Он весело захохотал.
— Я — музыкант. Я вполне удовлетворяюсь этою комнатою. Отсюда я вижу жизнь такою, какой она является в откровении музыки. О, это — страшное откровение! Слушайте, я сыграю вам Бетховена.
Он стал играть на память что-то бесконечно-мучительное. Лиде хотелось плакать.
— Можно умереть от музыки, — сказала она, когда он кончил.
Он сидел молча перед инструментом, потом повторил еще раз одно место.
— Это он навсегда прощается с нею… со своею мечтою… может быть, с любовью. У него был выход: музыка…
— А вы, доктор, любили? — спросила Лида.
— Любил ли я?
Он усмехнулся одною стороною лица.
— Да, любил…
Он отвечал машинально, потому что руки его продолжали блуждать по клавишам.
И вдруг на высоких нотах он заиграл что-то лазурно-ясное, трогательное и нежное.
Лида слушала его с тоской и страхом. Так можно любить только один раз.
— Да, я любил, — повторил он, но уже на этот раз сознательно. — Пойдемте, я вам покажу… потому, что я сочувствую вам… или почему-нибудь другому… Все равно…
Он провел ее обратно в кабинет, отворил дверцу тумбочки письменного стола и, покопавшись, вытащил что-то продолговатое и белое.
Лида всмотрелась и увидела игрушечный гробик, похожий на шкатулку. Он поставил его на письменный стол, отодвинув дрожащими пальцами в сторону бумаги, и продолжал:
— Вас это удивляет? Я — музыкант. Я нашел себе исцеление.

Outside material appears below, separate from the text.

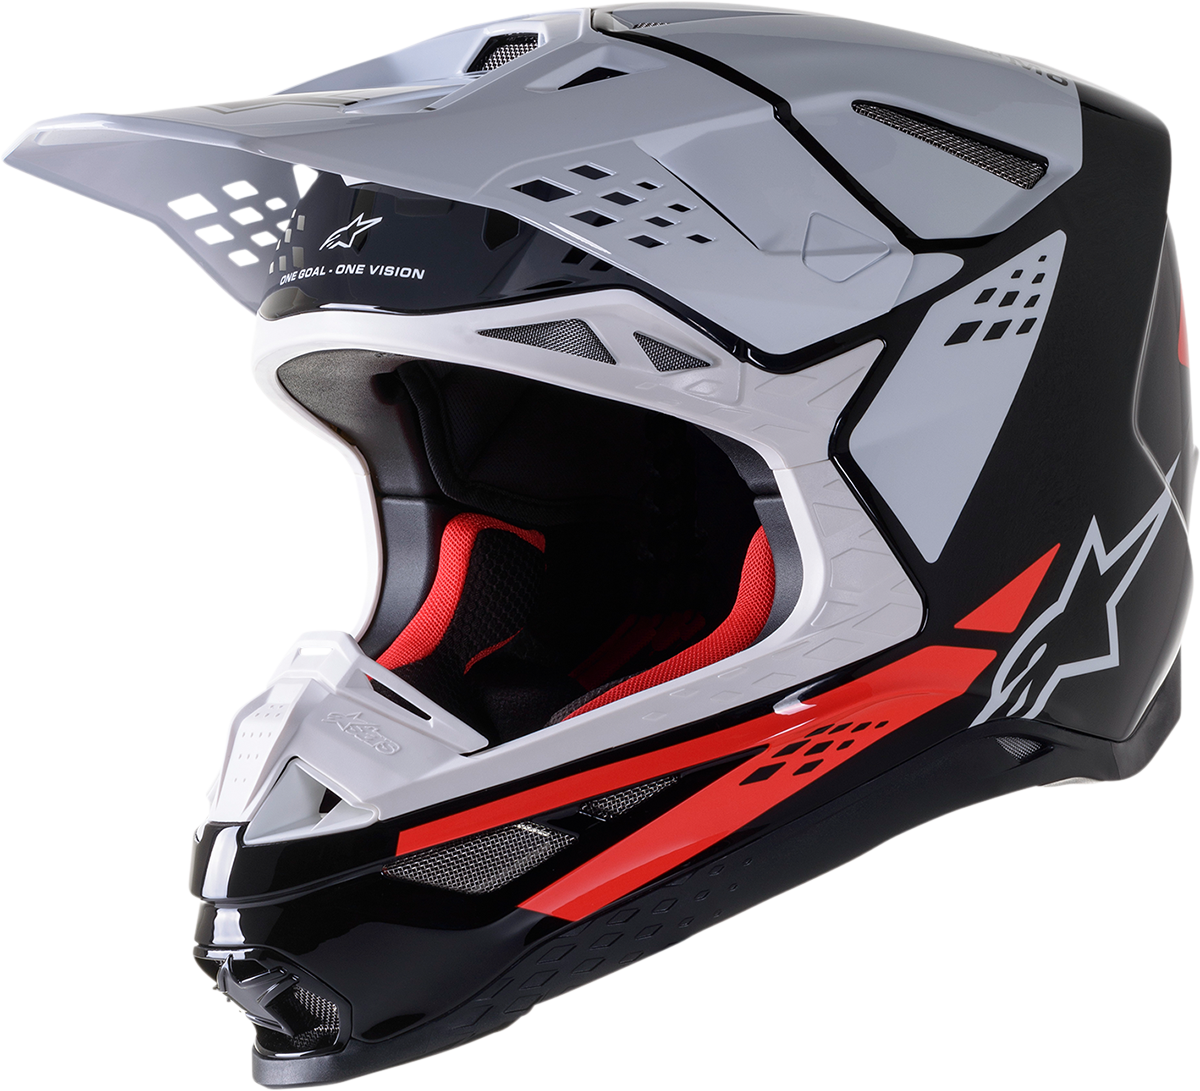 ALPINESTARS Supertech M8 Helmet - Factory - Black/White/Red - XL 8302922-1233-XL

Он открыл крышку ужасной шкатулки, и Лида увидела в ее глубине, обитой красивым белым бархатом, пачки писем, перевязанные разноцветными ленточками, и несколько фотографий одной и той же дамы, в рамках и без рамок.
— Я нашел мужество похоронить, но сердце, лишенное музыки, должно весь этот груз вечно носить с собою. Но ведь вы же понимаете музыку?
Он ласково посмотрел на Лиду, потом закрыл гробик и спрятал его на старое место.